How do you plan to hang the mirror once it is framed? If by wire, you might consider terminating the wire around screws in the bottom rail of the frame and running it up through eyes in the stiles and across the back.

If you did all of that, I think the house could fall down around the frame and it wouldn't come apart.


----------



## mickthetree (10 May 2009)

ah yes!! Hanging, I hadnt even considered that bit.  

That sounds like a great idea.

Chunky square cut modern oak seems to be the norm these days in the shops, but I'm rather up for something with a bit more... whats the word... style?

I like the idea of the pins showing on the front, I might use two pins and step them.

I'll sketch some ideas out and post them.


----------



## jasonB (10 May 2009)

I've done a couple of large mirrors and to get extra strength I cut a double rebate, one for the glass then a wider one for the backing (6mm MDF) and screwed the backing to the frame.

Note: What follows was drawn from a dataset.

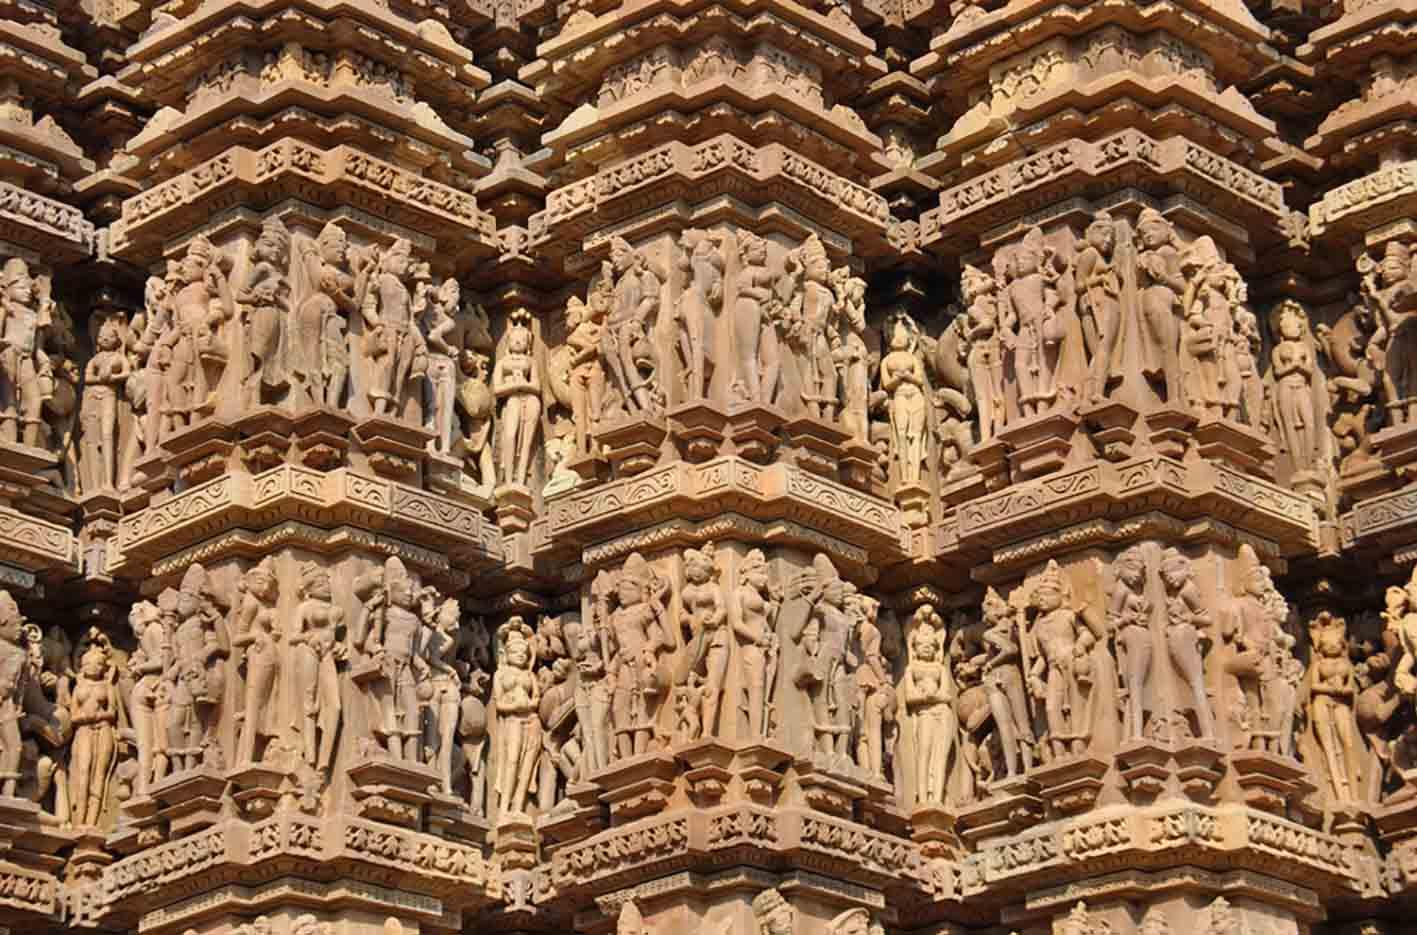 Храмы Кхаджурахо, Khajuraho Temples - 17

On this 7ft long one I also incorporated an angled cut so it could be hung on a french cleat. That one and this are joined with double No 20 biscuits into the corner blocks.

If you want A&C style then a mortice & tennon or bridal joints with a couple of ebony pegs would look good on the oak.

Jason


----------



## mickthetree (10 May 2009)

Hi Jason

Thanks ever so much for that. I really like the look of those.

I'm intrigued by how you did the french cleat? Did you put the angled cut on the top rail? or did it extend into the side rails somehow?

I'm also wondering how thin the rails can be. Only recently moved onto hardwood and it amazes me how much stronger it is than pine!!

I think I'll make some more sketches.

Cheers again

Paul


----------